- President: Isaac Herzog
- Prime Minister: Benjamin Netanyahu
- Preceded by: Ronen Hoffman

= Iddo Moed =

Israeli diplomat

Iddo Moed (עדו מועד) is an Israeli diplomat and the ambassador of Israel to Canada. He was previously a division head in the Africa Department of the Israeli Ministry of Foreign Affairs.

==Early life==
Moed was born in Amsterdam, the Netherlands, and joined the Israeli Diplomatic Corps in 1992.

==Career==
During his diplomatic career, Moed was posted in countries such as the Netherlands, Dominican Republic, Singapore, and China.
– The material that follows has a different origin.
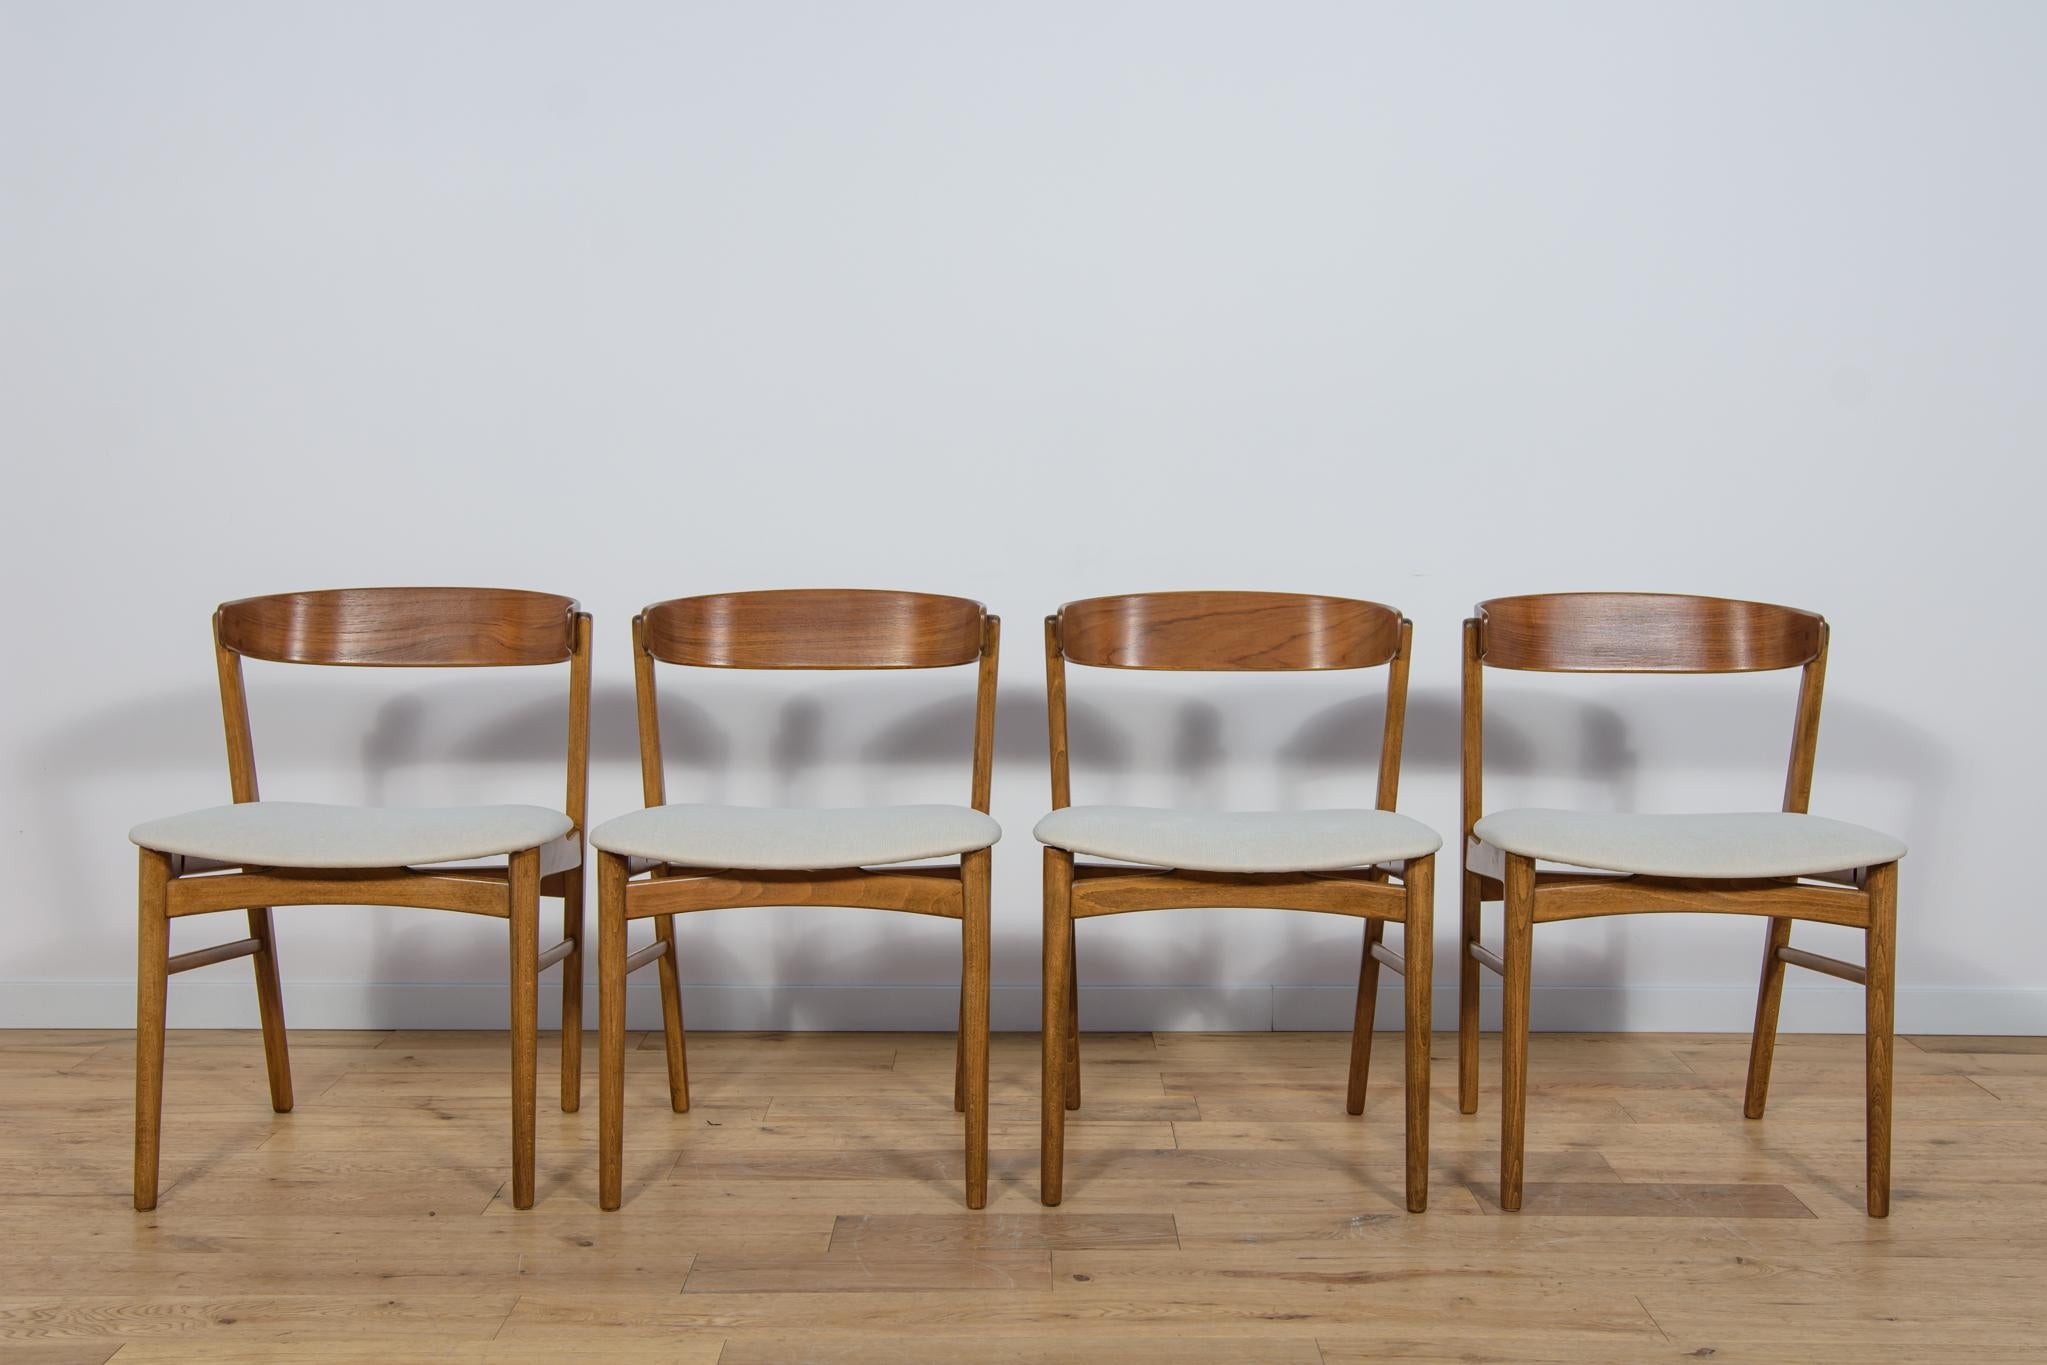 Dining chairs Model 210 made by Farstrup in Denmark in the 1960s. The frame is made of beech wood, the backrests are made of teak, the whole has been cleaned of the old surface, painted oak stain and finished with a semi-matt lacquer . The foams

He was assistant to the director general, water and multilateral affairs at the Middle East Division, Middle Eastern Economic Affairs.

In June 2013, he was appointed as cyber security coordinator at the Strategic Affairs Department, MFA. where he established the Cyber Security Department at the Ministry of Foreign Affairs.

In 2014–2015 he represented Israel in the 2014–2015 UN Group of Governmental Experts on Developments in the Field of Information and Telecommunications in the Context of International Security.

In 2021 he was appointed as head of bureau, African Affairs Division.

In March 2024, he criticized a proposal for the Canadian government to recognize a Palestinian State.

During the 2025 Israeli military operation in the West Bank, a group of Arab, Asian, European, and Canadian diplomats were fired upon. In an interview with CBC News he claimed that the diplomats may have been "led astray." In an interview with Global News, he stated that Canada–Israel relations were in a "new atmosphere."